Ontario MPP
- In office 1987–1995
- Preceded by: David McFadden
- Succeeded by: Bill Saunderson
- Constituency: Eglinton

Personal details
- Born: June 28, 1949 (age 76) Lunenburg, Nova Scotia
- Party: Liberal
- Occupation: Social worker, law clerk

= Dianne Poole =

Canadian politician

Dianne Poole (born June 28, 1949) is a former politician in Ontario, Canada. She served as a Liberal member of the Legislative Assembly of Ontario from 1987 to 1995.

==Background==
Poole has a Bachelor of Arts degree in Sociology from Trent University, and was a law clerk and social worker before entering political life. She also served as chair of the Women's Perspective Advisory Committee, and was a member of the French Immersion Task Force of the Toronto Board of Education.

==Politics==
Poole ran for the Ontario legislature in the 1985 general election, losing to Progressive Conservative David McFadden by 914 votes in the Toronto constituency of Eglinton.
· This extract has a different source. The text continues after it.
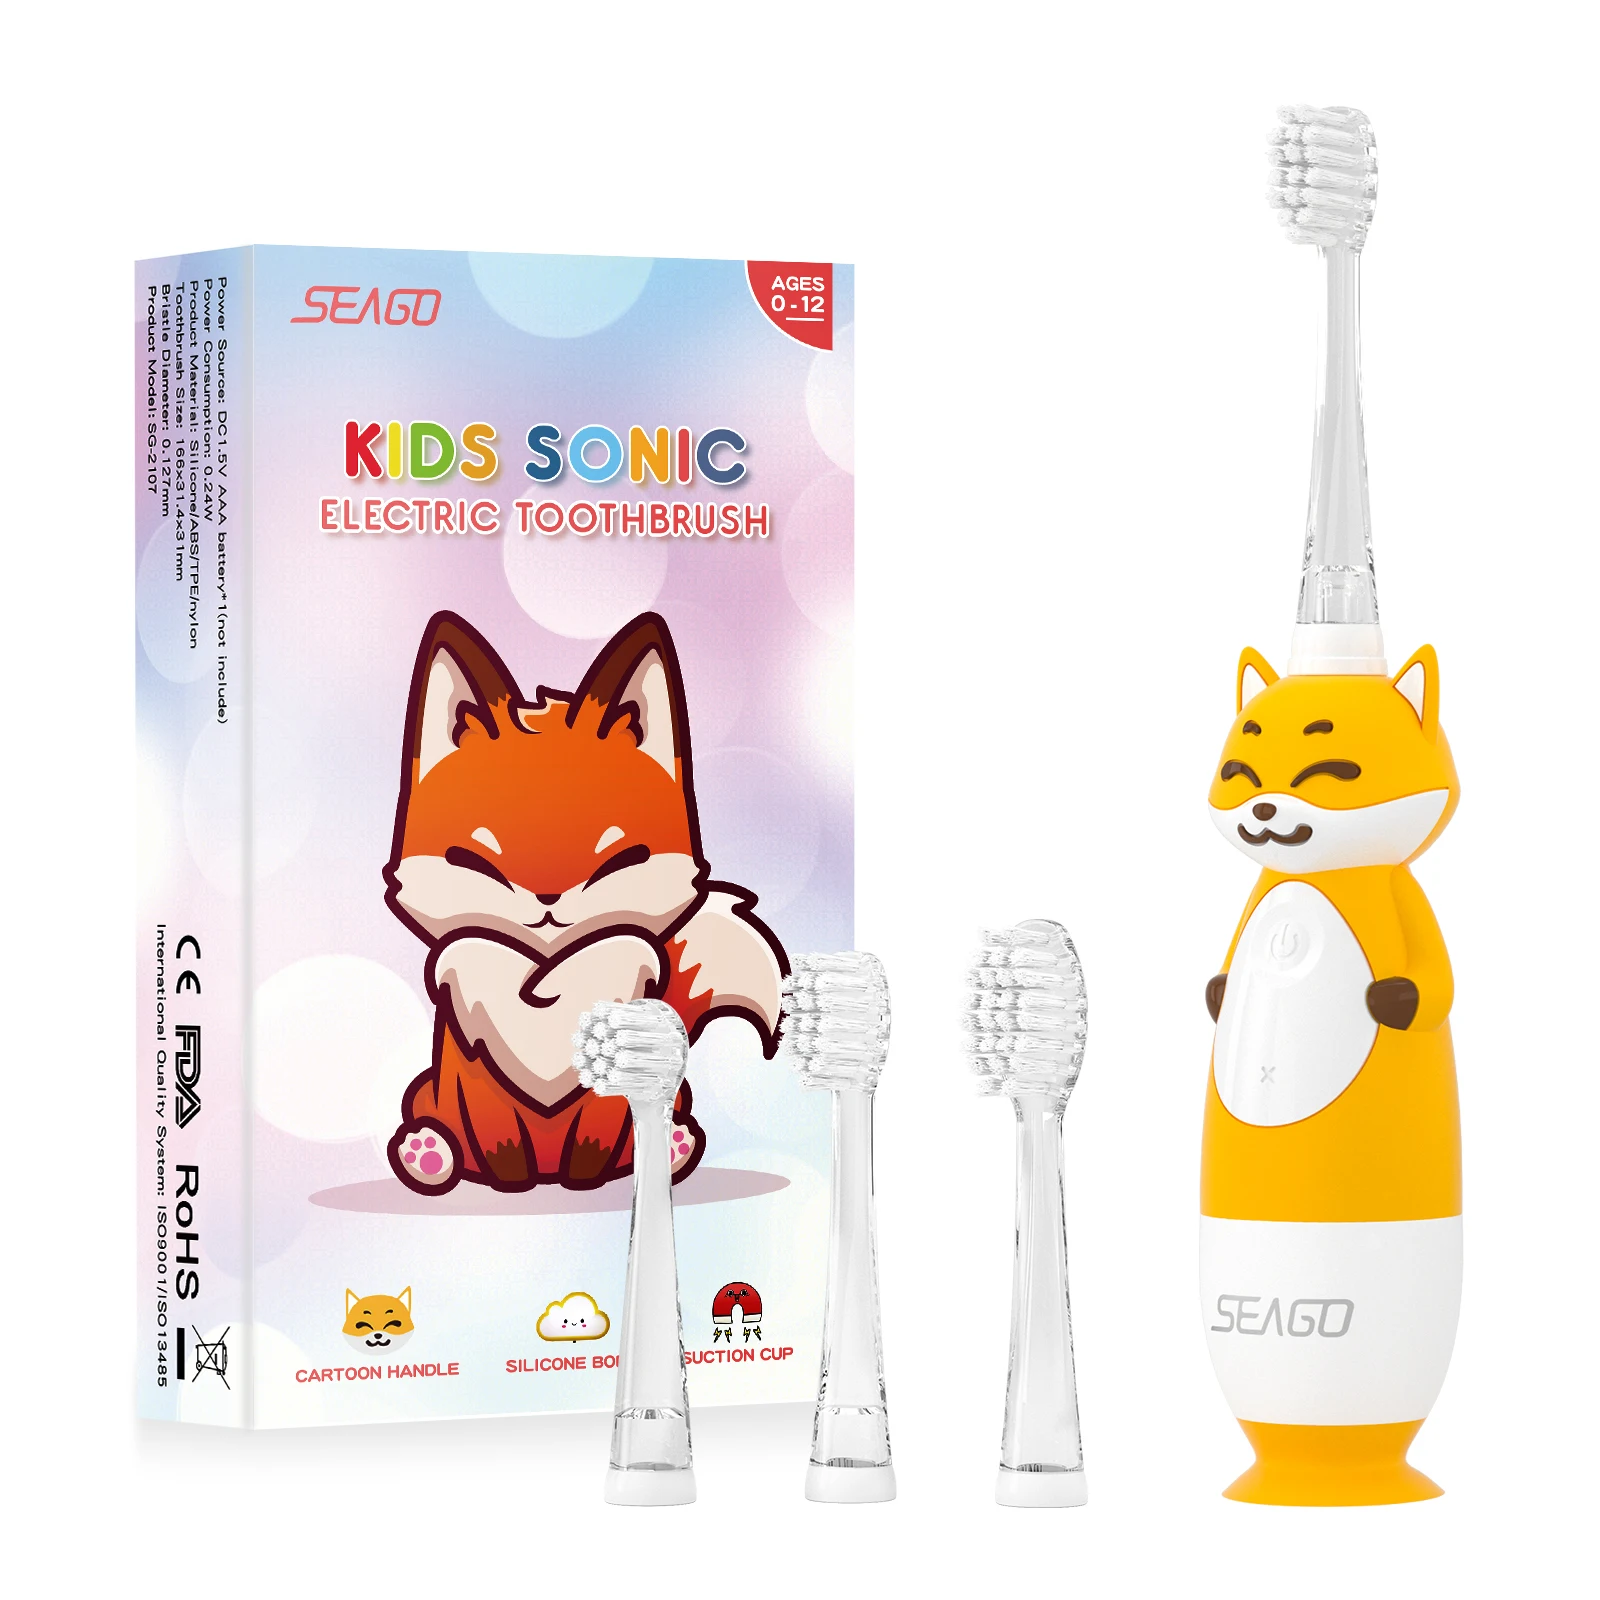 

SG2107 Animal LED Smart Timer Gentle Vibration Soft Teeth Brushing Sets Silicone Sonic Kids Children Electric Toothbrush
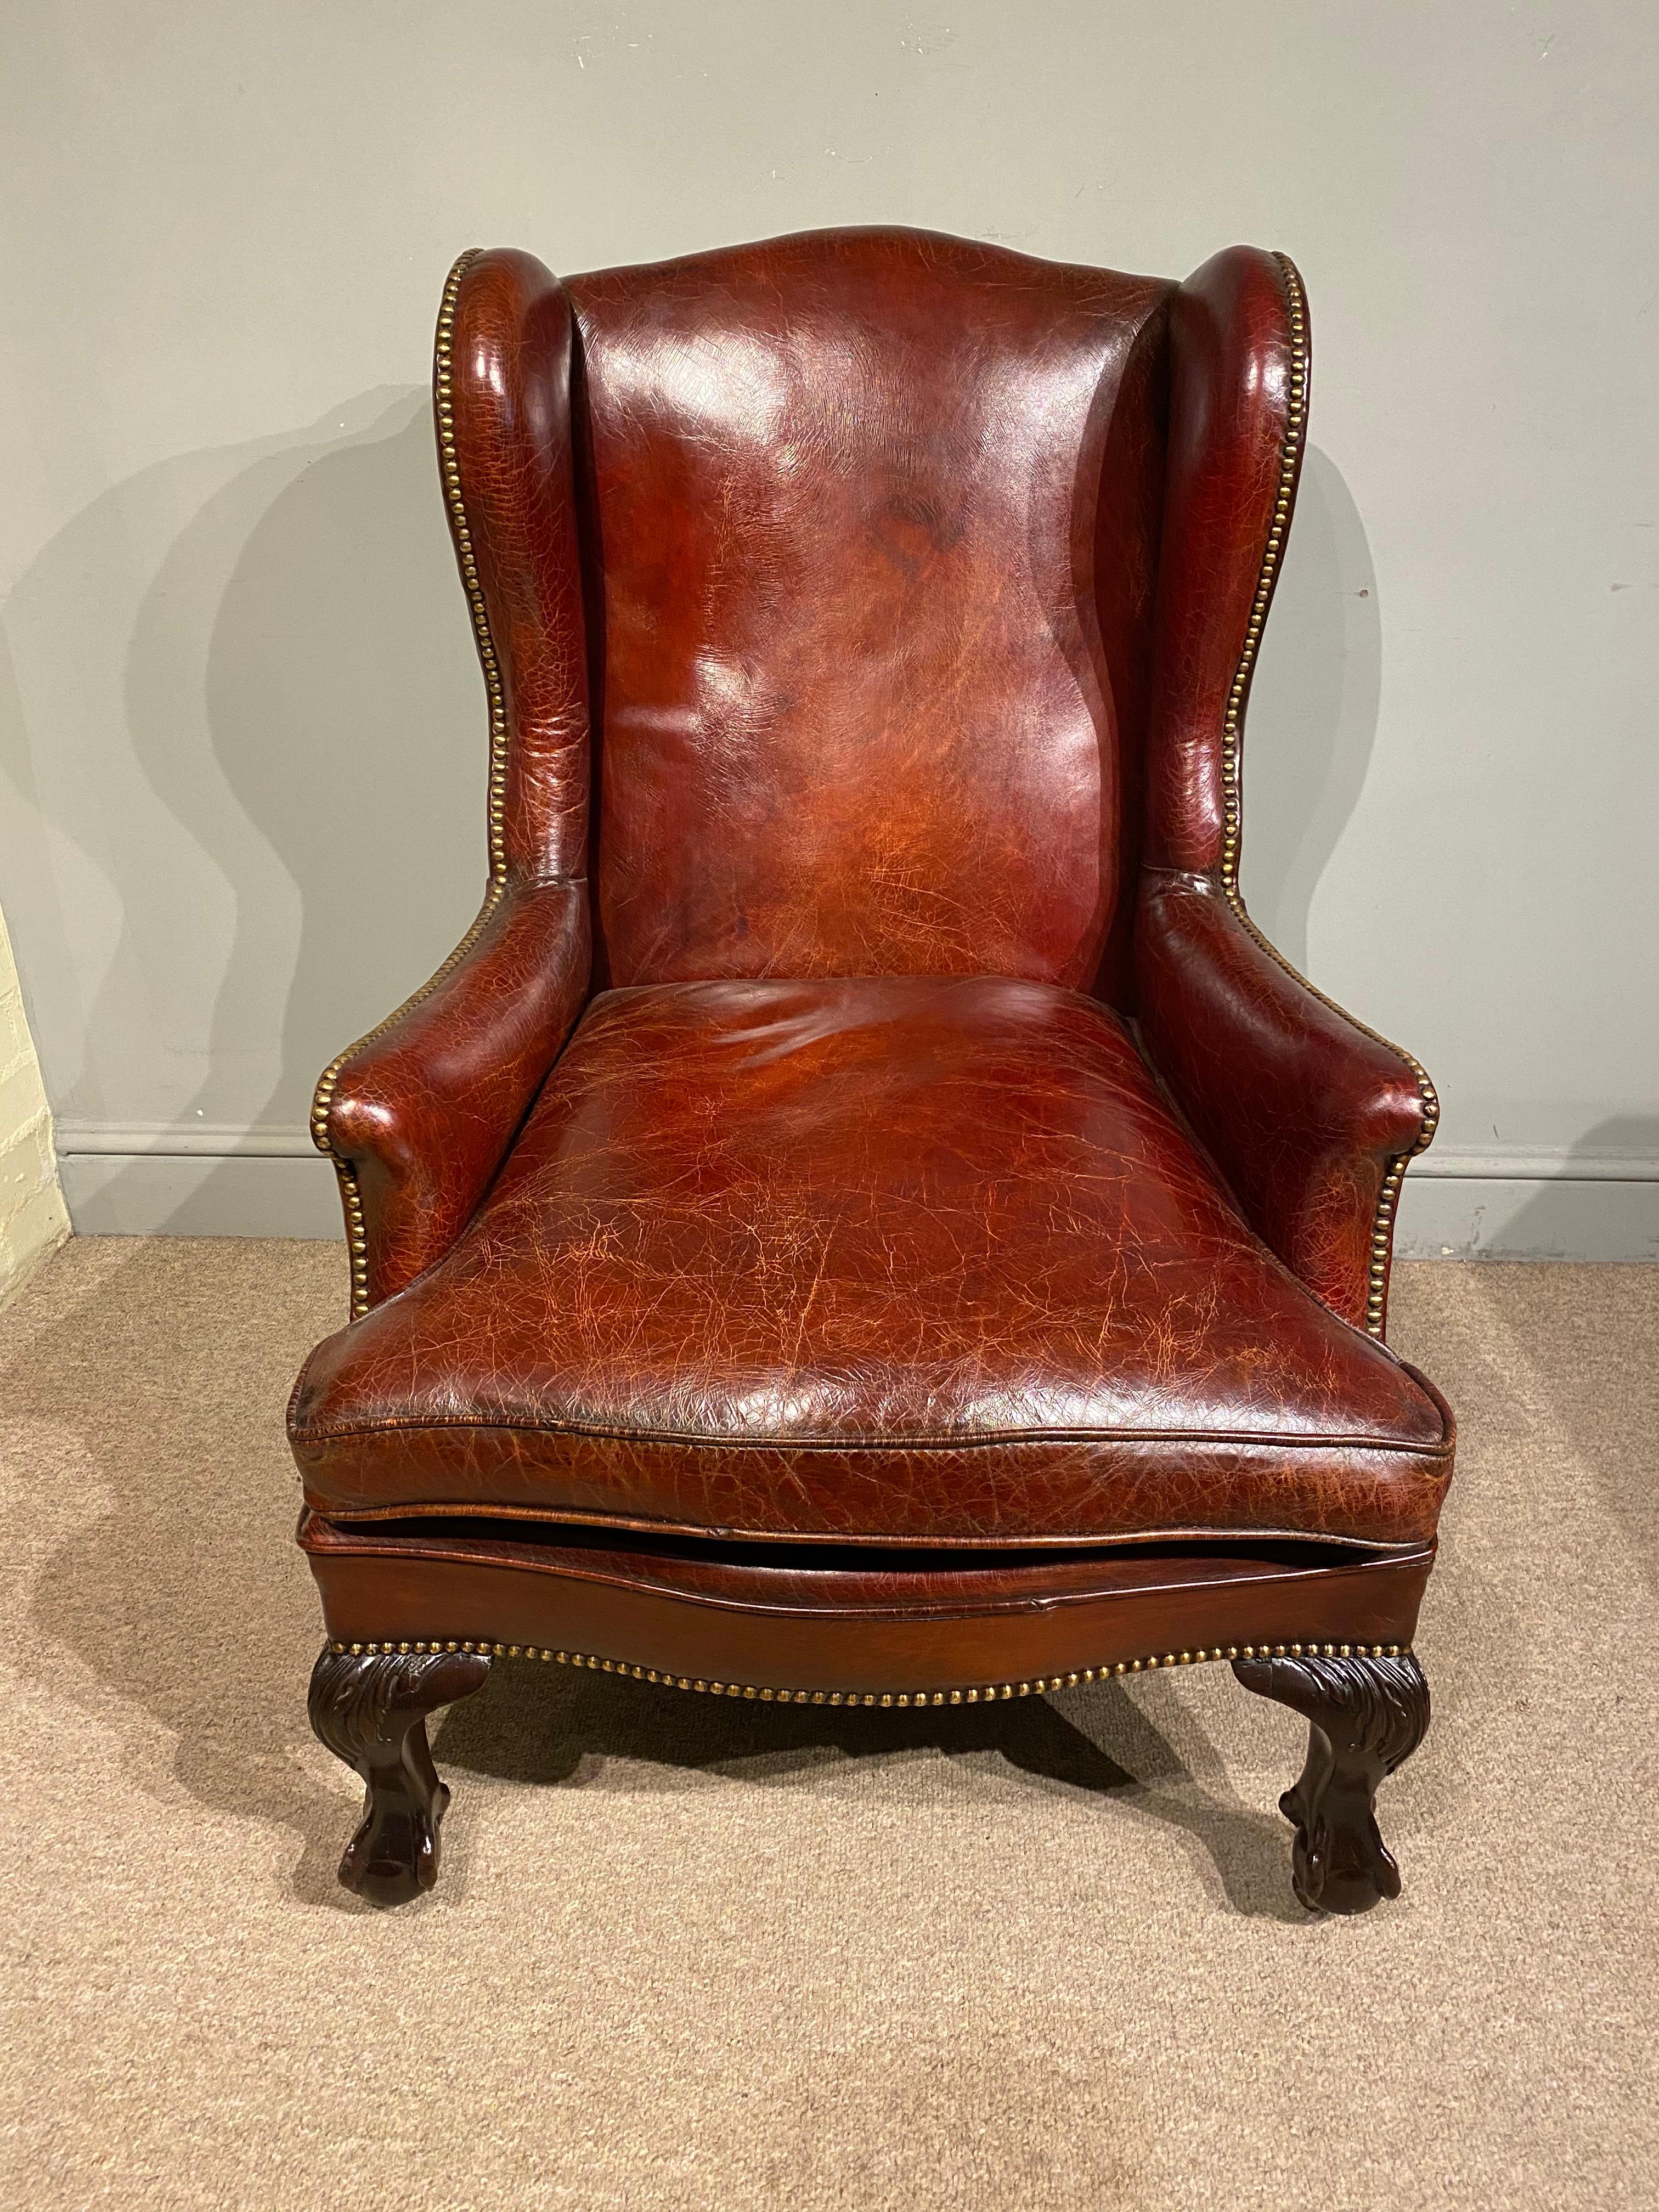 This is a stunning quality 19th Century Georgian Style Gentleman's Library Chair, made by one of England's finest furniture makers of the Victorian period - Lamb's of Manchester. The beautifully shaped leather and brass studded wing back chair has a

She ran again in the 1987 provincial election, and defeated McFadden by 695 votes amid a landslide victory for the Liberals. In 1989, she was appointed as a parliamentary assistant.

The Liberals were defeated by the New Democratic Party in the 1990 provincial election, and Poole was re-elected by only 173 votes over Progressive Conservative candidate Ann Vanstone. She served as the Liberal critic for Housing from 1990 to 1993, and for the JobsOntario program from 1993 to 1995.

In 1994, Poole was one of only three Liberal Member of Provincial Parliament (MPPs), along with Jean Poirier and Tim Murphy, who supported Bill 167, a bill brought forward by the government of Bob Rae to extend spousal benefits to same-sex couples. Poole also called for the Ontario Film Review Board to impose greater restrictions on sexually explicit and violent materials entering the country. She was generally regarded as being on the left wing of the party.

The narrow margin of Poole's victory in 1990 made her constituency a prime PC target in 1995. She lost to Progressive Conservative fundraiser Bill Saunderson by about 4,500 votes, as the Progressive Conservatives won a majority government provincially.

After leaving politics, Poole became the president of Politrain, Inc. She supported Gerard Kennedy for the Liberal Party leadership in 1996.